6:01 There it is the accursed M for micro farads, but in SI units they should use the greek letter mu, “μ" for micro, instead of M for mega! This maddening atrocity goes back to 1943 at least? Utterly frustrating…
This film is more better than the modern course, easier to understand.
The answer is a commercial!
25.4k Ohms=(-)v(÷)i
X
Youtube algo supplying thine gems.
Please look up to "the Venus project" it offers solution to most of the problems we face today.War, poverty, hunger, starvation, illnesses, crime, deprivation, human suffering can be solved with THE VENUS PROJECT. It offers method to achieve better world. The Venus Project is not perfect/Utopian, its just much better than what we got today.
You got that right. It’s also why all of these training videos are still used to this very day. Many Union and trade schools use them. Well like they say, if it ain’t broke, don’t fix it.
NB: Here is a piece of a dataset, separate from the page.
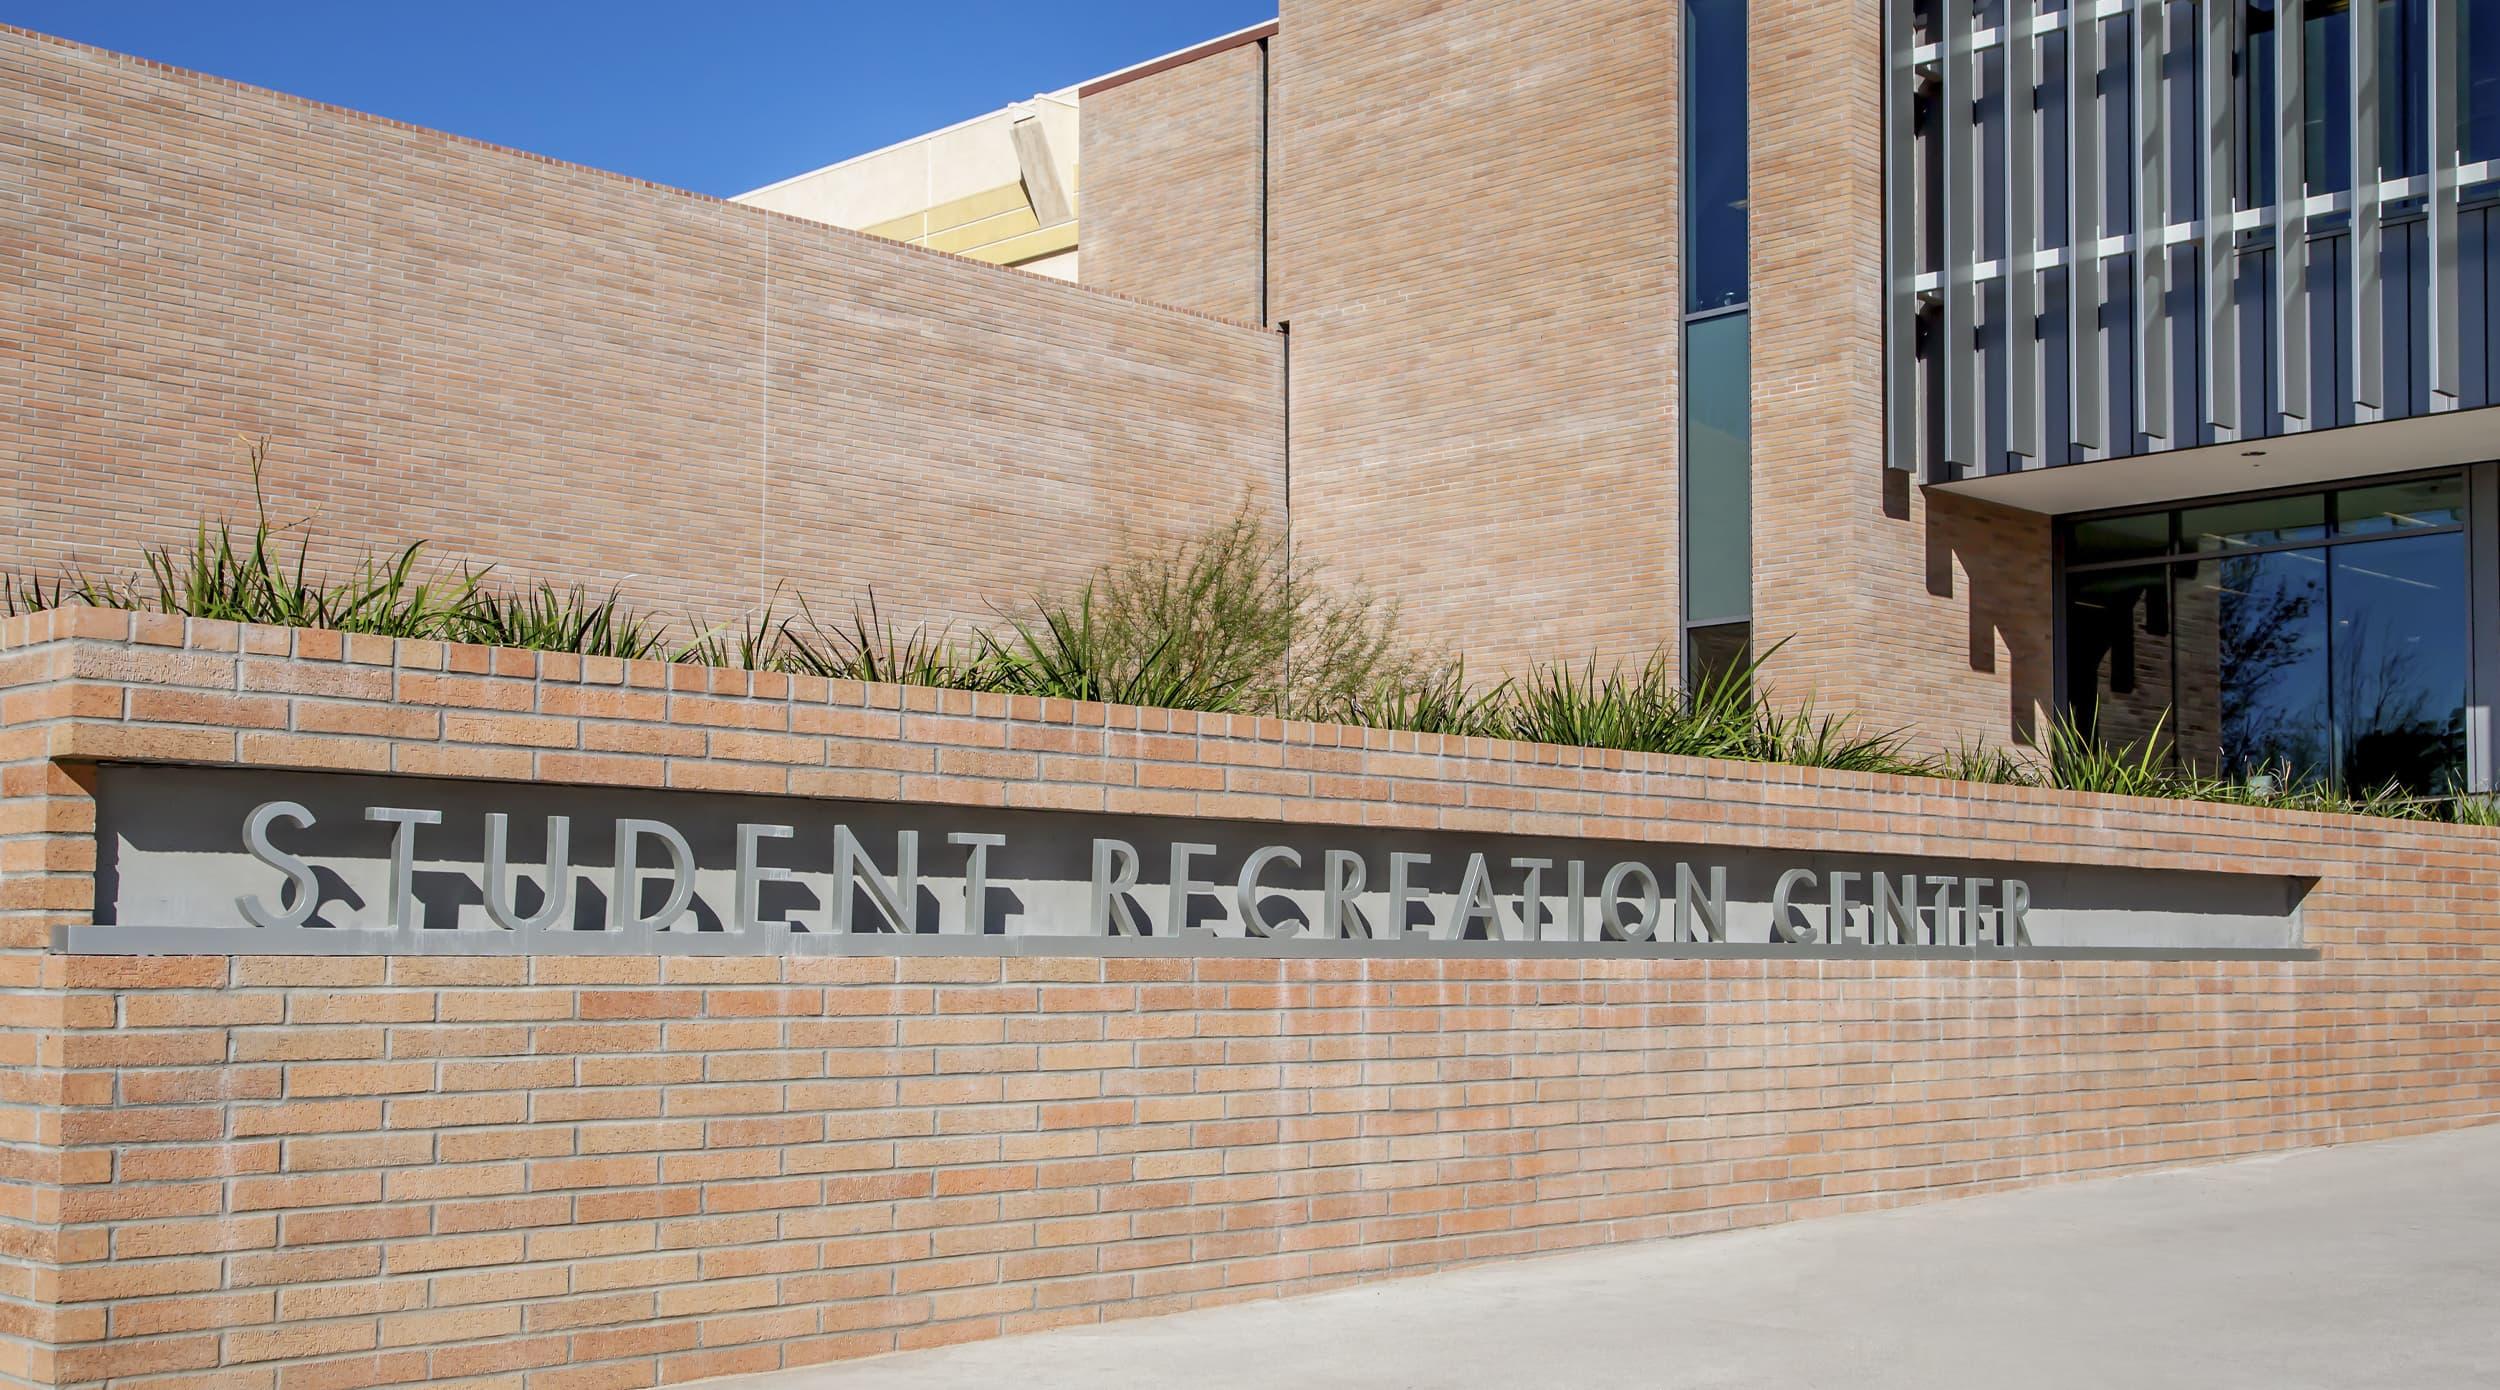 University of California, Riverside. Education Design. Recreational Design. Entertainment Design. RSM Design created Wayfinding Signage, Environmental Graphic Design.

@19:45 "This mark represents the time constant …" Which should be at, roughly speaking, somewhere north of 1/3 full scale (37%), but it’s not. The scope trace is not moving downward either. This is because the actual demonstration, as far as the scope is concerned, is showing two RC time constants, i.e. the demo board and the input coupling high pass filter characteristic of the AC coupled scope. The scope should have been DC coupled, which may have been impossible as many scopes of that era where only AC coupled. Notice how, at higher frequencies later in the demo, the scope trace goes right through the marker line. That’s a sure indication that the scope is AC coupled.
@24:12 "This is a diagram …" I have to call it an awful diagram! It shows the first amplifier’s plate attached to battery positive and the second amplifier’s grid attached to a negative. Although the plate should be positive and the grid should be negative, diagrammatically connecting them to batteries is crazy. Yes, you ‘could’ make this work by having an impedance on ‘the other end’ of the battery, but for some very good reasons it’s not practical. Schematically, more correctly diagrammatically, a battery represents a voltage node, meaning there is no changing voltage. And they’re trying to demonstrate changing voltage is coupled through a capacitor. ??? This oversimplification, if that’s what it’s supposed to be, bothers me greatly because this training film is teaching something that must later be unlearned. Perhaps the film’s author thought his audience was too dumb to notice, so it didn’t matter. 🙁
I don’t think a competent engineer ever reviewed this film. We actually won that war. How?
Gold is best conductor
I was a radioman/crytographer in the Navy during Vietnam. I never opened a unit. That was left to the ET’s.
Thank You so mutch for share!!
I wonder if this fellow is still alive, so many years has past since this video.
Condenser
I now understand how the 555 timer works!
23:46 , this dude looks nothing like I imagined.
Information was delivered much cleaner before all the experts screwed everything up. Go Navy!